"Begging Tolerated," oil painting on canvas by Alfred Stevens. Photo from Wikimedia Commons.
ARTS / CULTURE

'What is Christmas to the unseen?'

Amelia Clarissa de Luna Monasterial

Clasped hands. Not in prayer. But in the ritual of humiliation. Of being worth something only if you are on your knees, doing anything you can to survive. Holding coins others throw carelessly, but which mean life and death.

People pass by, figures shrouded in halos of twinkling lights—artificial, bright, dizzying. You are invisible by nature of your position, a specter at the edges of merriment and celebration. The church bell tolls, and it does not bring good news, faith, or pleasure. Instead, it signals the next wave of people you will beg from. Beg for mercy. For scraps. For food to fill an empty belly but not an empty heart. Beg for your right to live.

Men in white robes sometimes pass through the big door. They are always inside those churches, sheltered by marble floors and gold candelabras, bread and fruit and wine at the altar. They give alms, sometimes. They tell you God loves you. But what is God to a poor soul whose body decays before it can reach the grave? Your body is weak—how can it host a healthy soul? You try to be good. To believe in the words of priests and nuns and social workers. To believe in the promises of government officials, in the endless message that if you are good, if you have faith, you will be saved.
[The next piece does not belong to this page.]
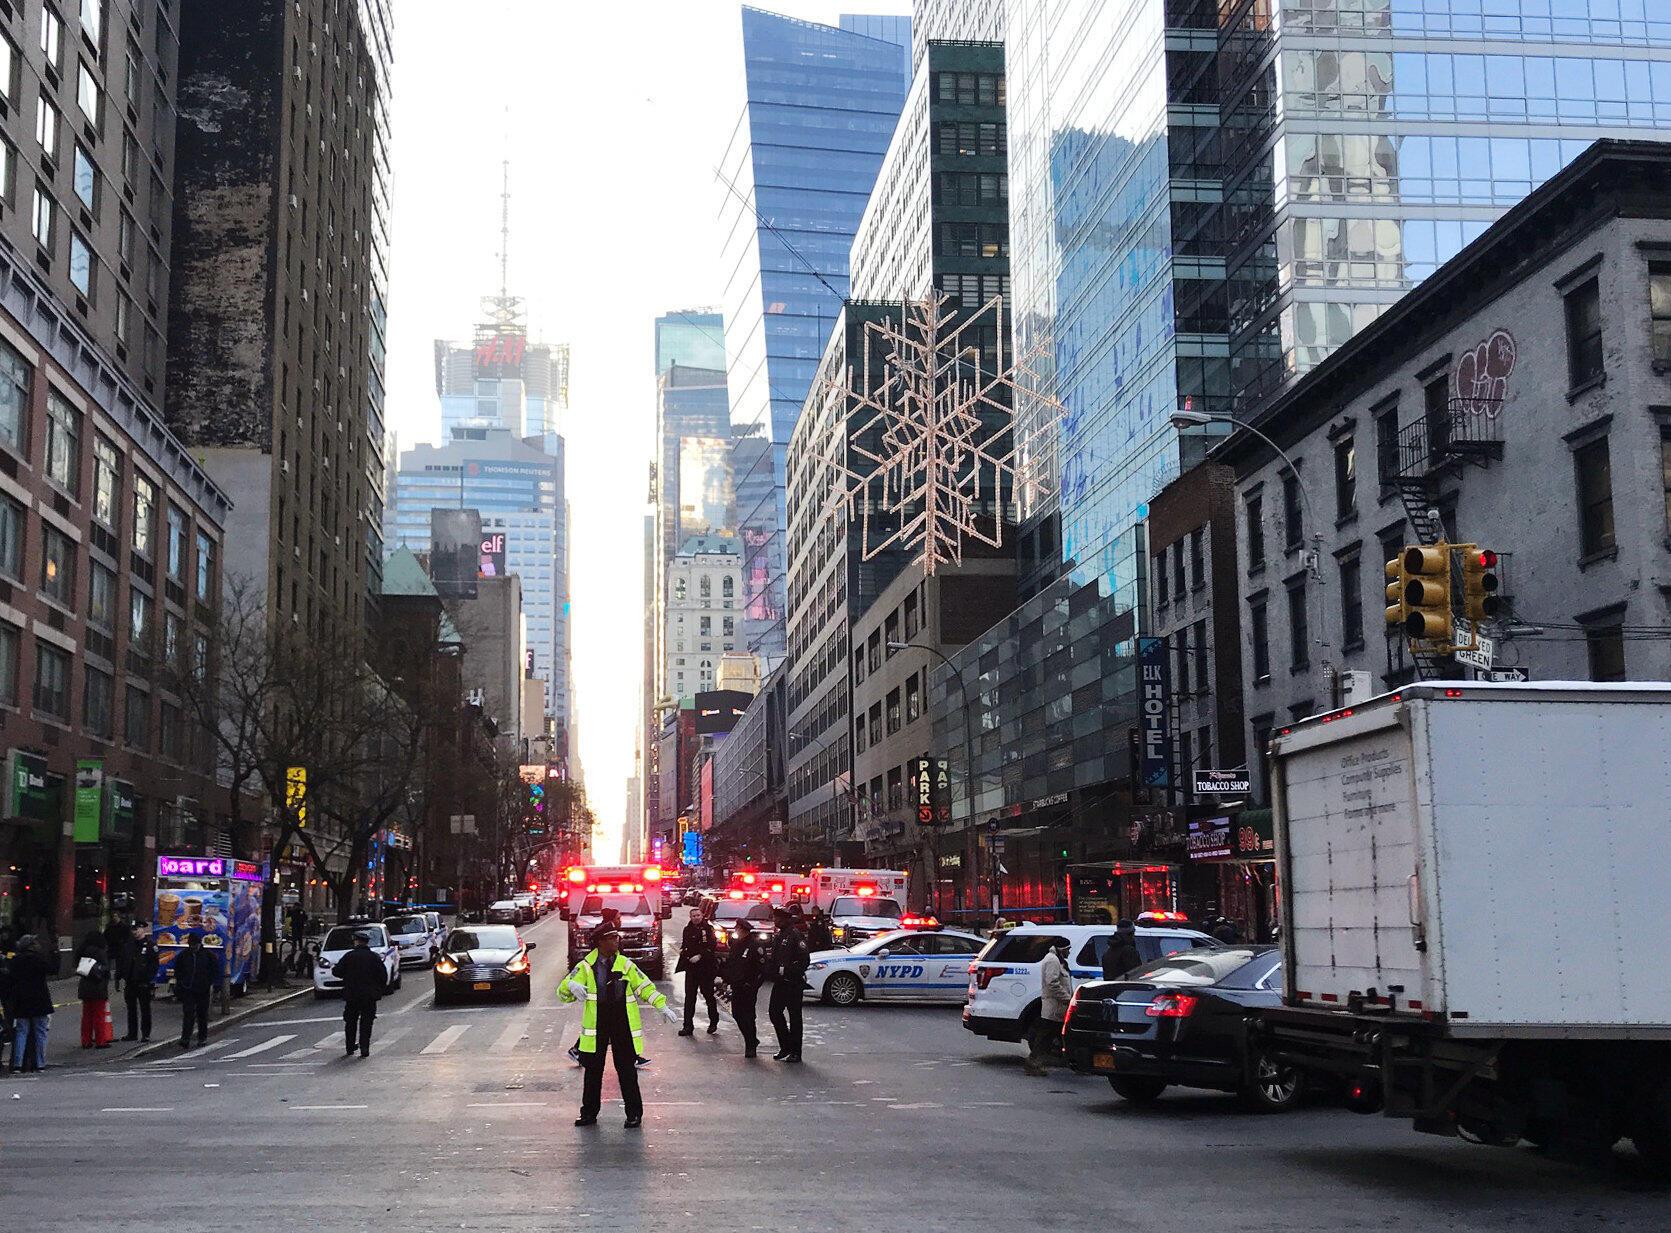 Cảnh sát phong tỏa khu vực quanh nhà ga Port Authority, New York, sau vụ nổ ngày 11/12/2017.

Still, you are hungry. Still, you are dirty—tainted with grime and condemnation. If you do not get down on your knees, you are cast as a burden. An ingrate. A useless, uncontributing member of society. If you risk the irritation and humiliation of begging, of selling small knick-knacks nobody wants, you are called a nuisance. They will not look you in the eye, as if your reaching, receiving palm is a sin by virtue of its existence.

Christmas. The birth of a savior. A time when, maybe, if some people feel the festive spirit, they give coins and food to last a week. A month at most. Afterward, you return to where you were, where you have always been, and where you will likely remain until you die.

You have faith. Of course you do. You have faith that tomorrow will be easier on your tired, sloped shoulders, on your malnourished, weakening body. That is why you struggle every day, despite the emptiness each one leaves you. But you do not know where—or in whom—that faith rests. Perhaps in yourself. But that is blasphemy to some. You must have faith in God alone, not in your own acts.

Clasped hands. Not exactly in prayer to the divine, but a plea to those with listening ears and seeing eyes. Maybe the true godlessness is not the absence of deity. It is the rejection of divinity in humanity.

Later, when you draw your last breath—thin bones, dull skin, a heart too frail and tired—you will be a disciple who searched for God and will feel that you never found Him. And people will ask, “How can they not see Him?”

But on judgment day, God will ask those who did not help you, “How can you not see them?”